Part 19: James

James woke up early Saturday morning. A side-effect of going to bed early. That was the problem with sleeping to kill time - you always just ended up finding that time on the other end. And Hannah always slept late on weekends. Plus she had been out late last night, and she was probably still at Victoria’s house - it could be eleven, twelve o’clock before she came online. Or what if Victoria’s parents took them somewhere? What if they went to visit Elizabeth at college? Then she might not come online until she got back home tonight, which meant a whole day of time that could only be killed in one way or another.

The sky was almost impossibly bright and clear outside. James opened up the back door and stepped out onto the porch. No one could say he hadn’t been outside all day now. There was a faint morning breeze, it was still a little bit cool, but you could tell it was going to be hot later on. Maybe he would go swimming later. Maybe Sean would want to skate or ride bikes. Maybe they could go to the playground and play on the swings like they were little kids again. The actual little kids would get out of their way; the parents would give them dirty looks.

It could be fun. It used to be fun.

It would be different if he was doing it with Hannah. Going to the playground with Hannah would be so much more than just going to the playground. It would be like they were a team, like they were an army. Like they were proving to the world that it didn’t matter how old you were, you could still have fun. Like it was them against all the hypocrites and office drones of the world. Like the playground was their Garden of Eden, and the slide was the apple, maybe - they wouldn’t go up the ladder, they would walk straight up the slide, somehow he just knew that’s how Hannah would do it - and the judgmental parents who didn’t understand them were God.

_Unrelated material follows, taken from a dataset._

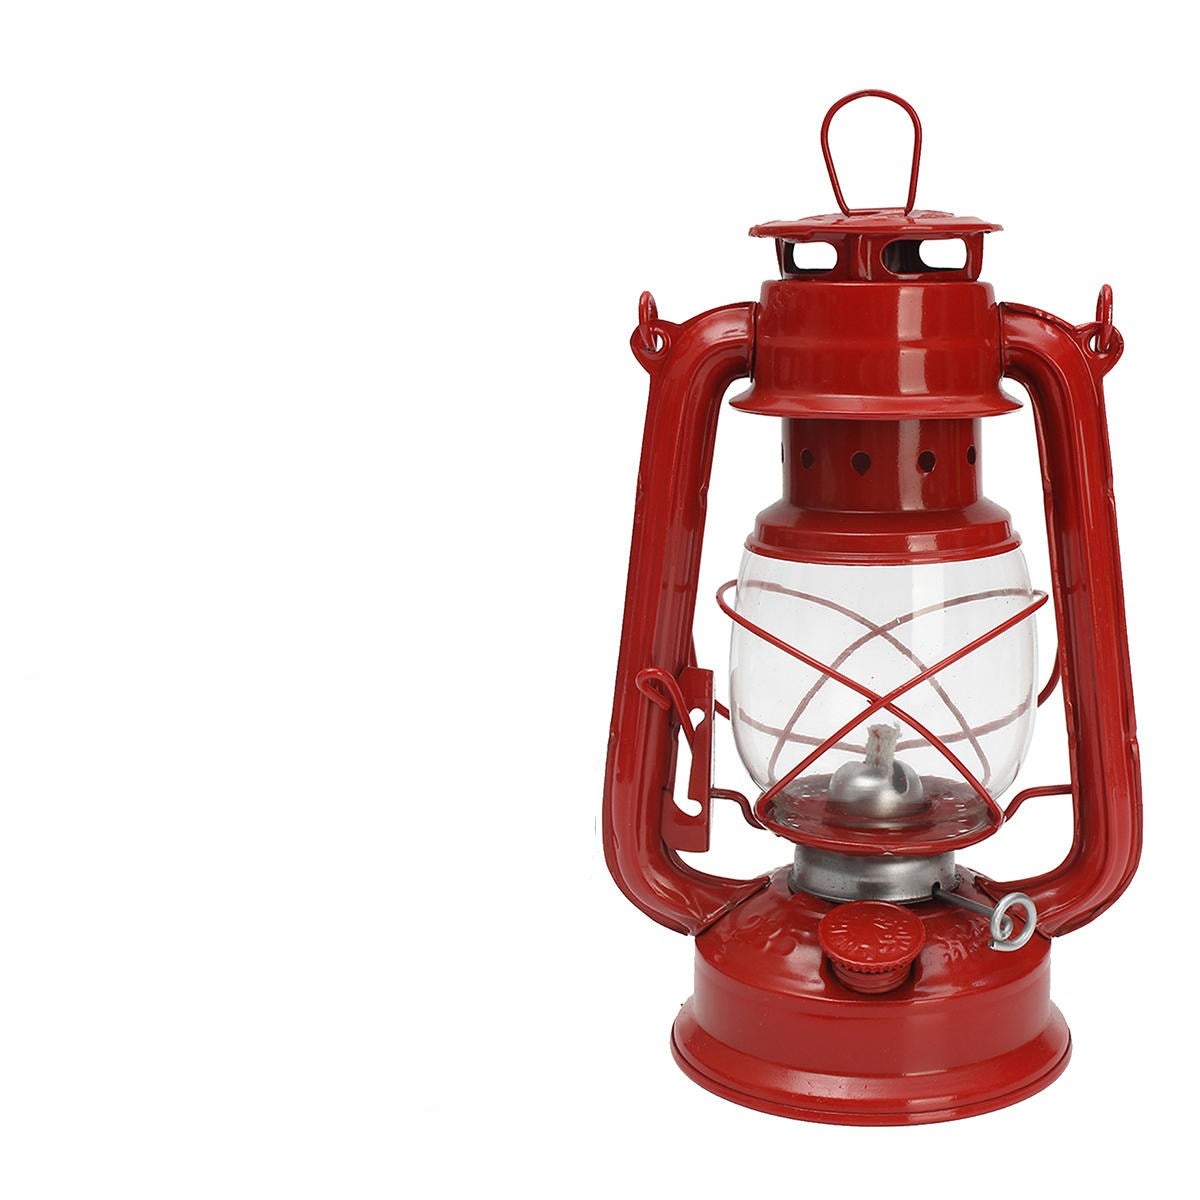 Vintage Oil Lamp Lantern Kerosene Paraffin Hurricane Lamp Light Outdoor Camping

Again, he saw them again standing side by side, but now instead of a cliff it was the top of a slide. And he liked that even better. He had to find some way of working that into the song. Something about innocence, about freedom. They were the same thing, really, weren't they?

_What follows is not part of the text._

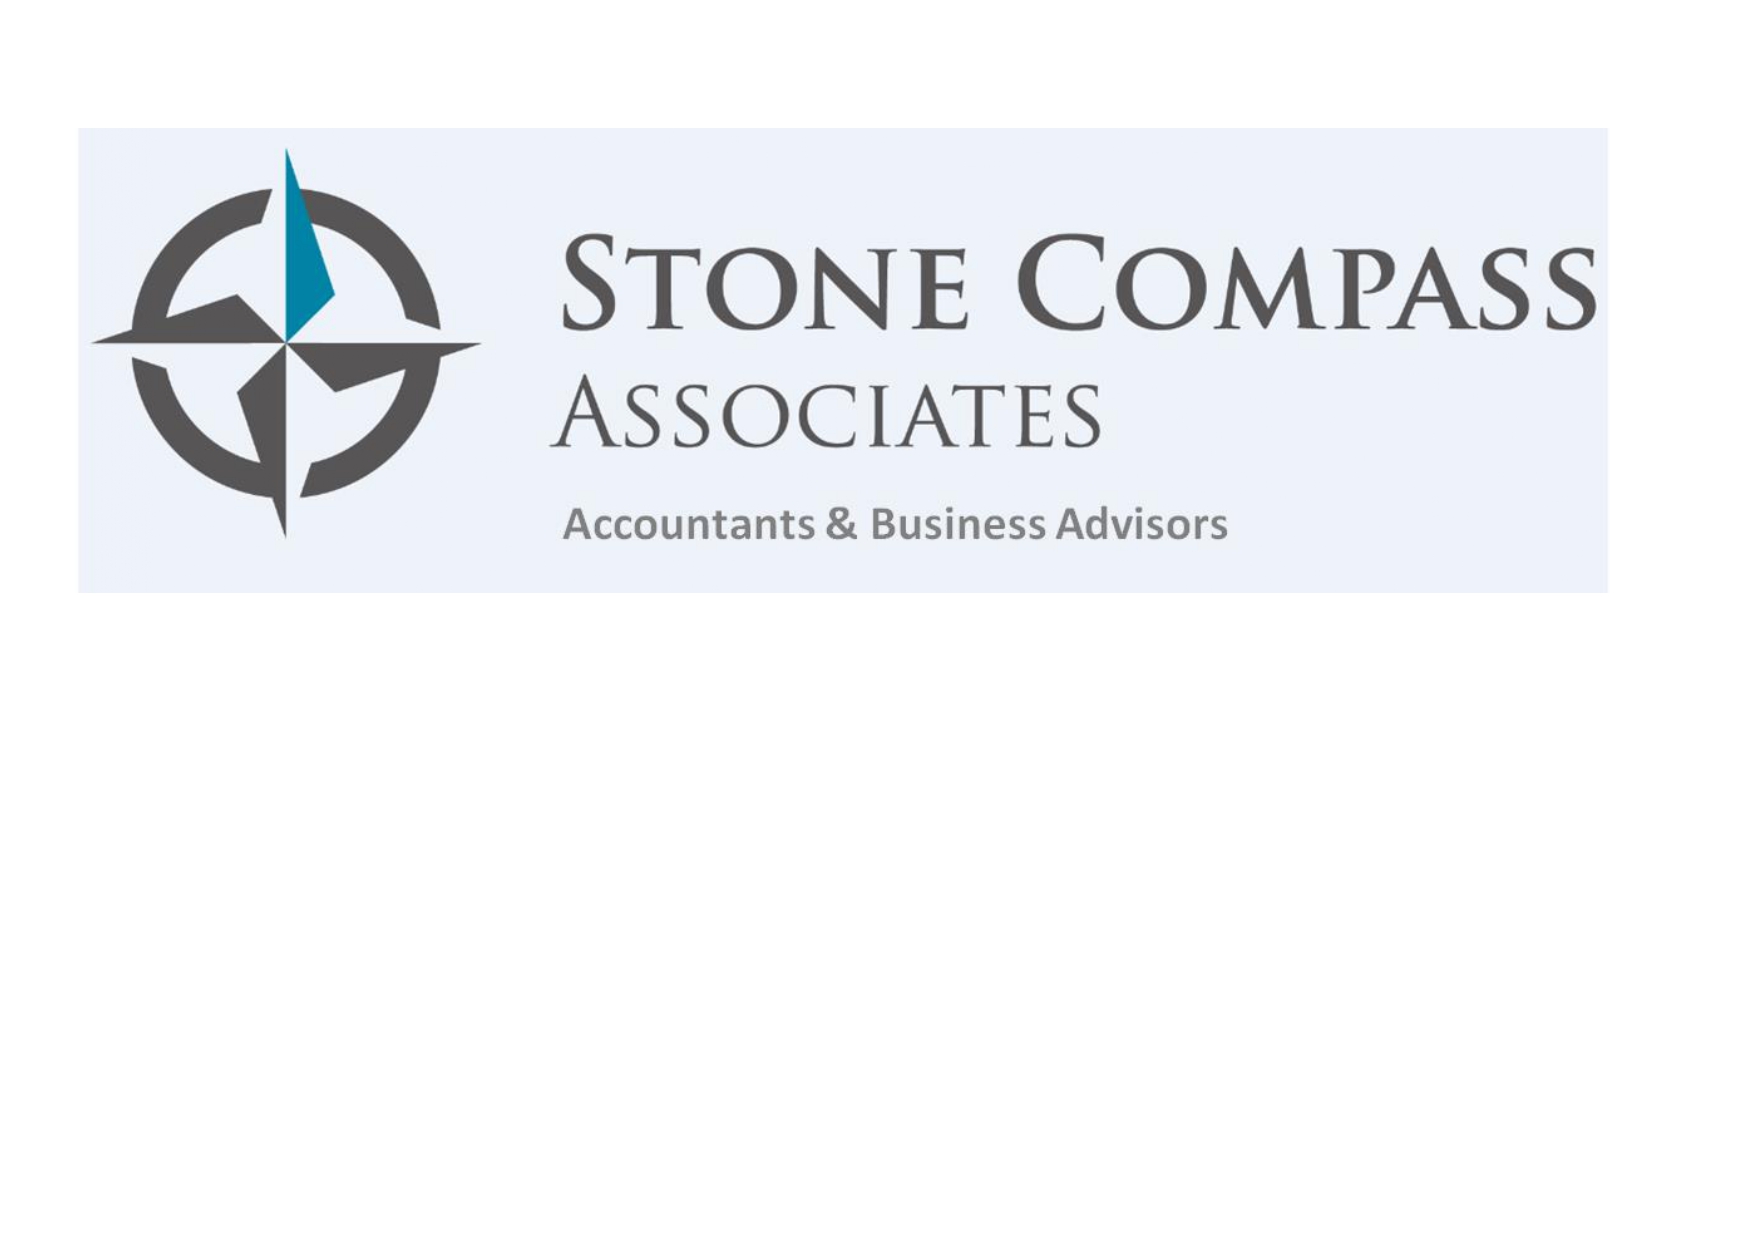 Stone Compass Associates

He stretched his arms above his head and looked around the backyard one last time before returning inside. The paint on the fence was peeling. Did his parents put up the fence or was it there when they moved in? James couldn’t remember, and couldn’t decide which was worse. Either they had put it up themselves, or they had chosen a house with a fence. But he hated fences. Fences were the exact opposite of innocence and freedom. He and Hannah would climb over fences, or maybe even knock them down. No, climb over them and escape. From the Garden of Eden, which was supposed to be a paradise but was really a prison.

They didn’t know any of their neighbors. Weren’t you supposed to know your neighbors? Weren’t you supposed to walk outside in the morning and see them and say “Hey, Mr. Dupont!” “How’s the garden coming, Mrs. Spencer?” Things like that. That’s how it was in the book they were reading in English class. They had one guy who hid inside his house all the time, and that was fine - you could have one. But here everyone was a Boo Radley.

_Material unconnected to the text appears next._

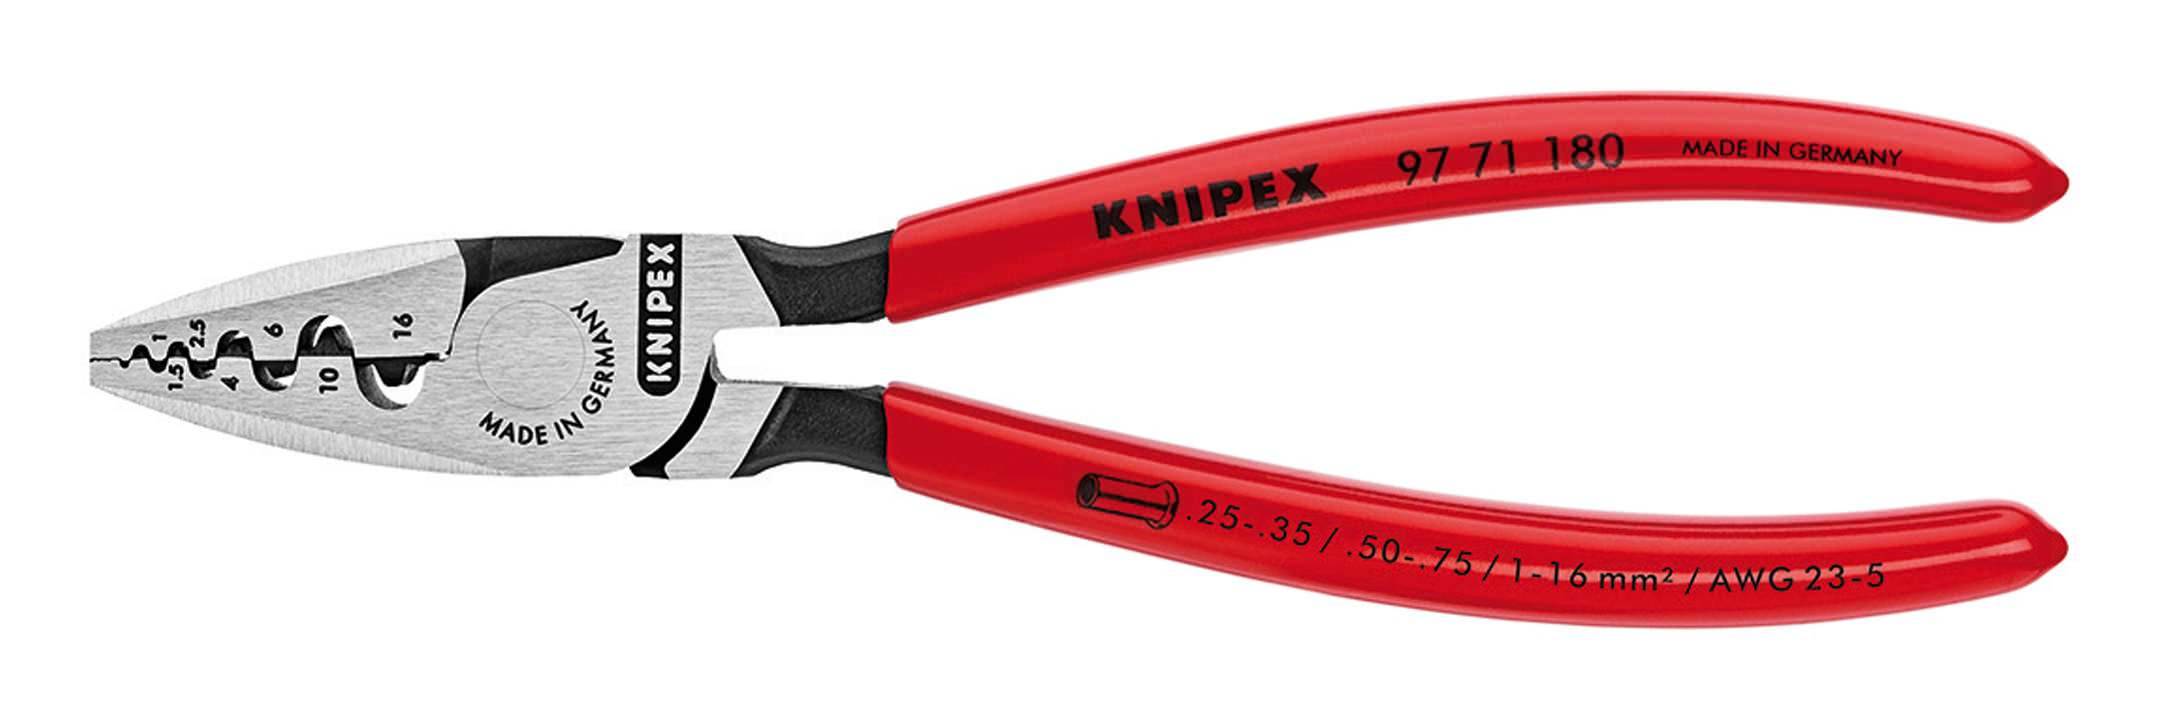 Knipex Aderendhülsenzange 180mm poliert | 97 71 180

In real places, people knew their neighbors. Where his mom grew up in the city, she must have known her neighbors. But here in the suburbs, everyone was so judgmental and cliquey. City kids probably went to the playground all the time, and no one looked at them like they weren’t supposed to be there.

Suburbs - that was the problem. Suburbs and fences. One and the same, really. If they lived in a city, or a real small town, he and Hannah would live close enough to each other that he could just show up at her house and be like, “Hey, wanna go to the playground?” and they could. But here, you had to drive to get anywhere.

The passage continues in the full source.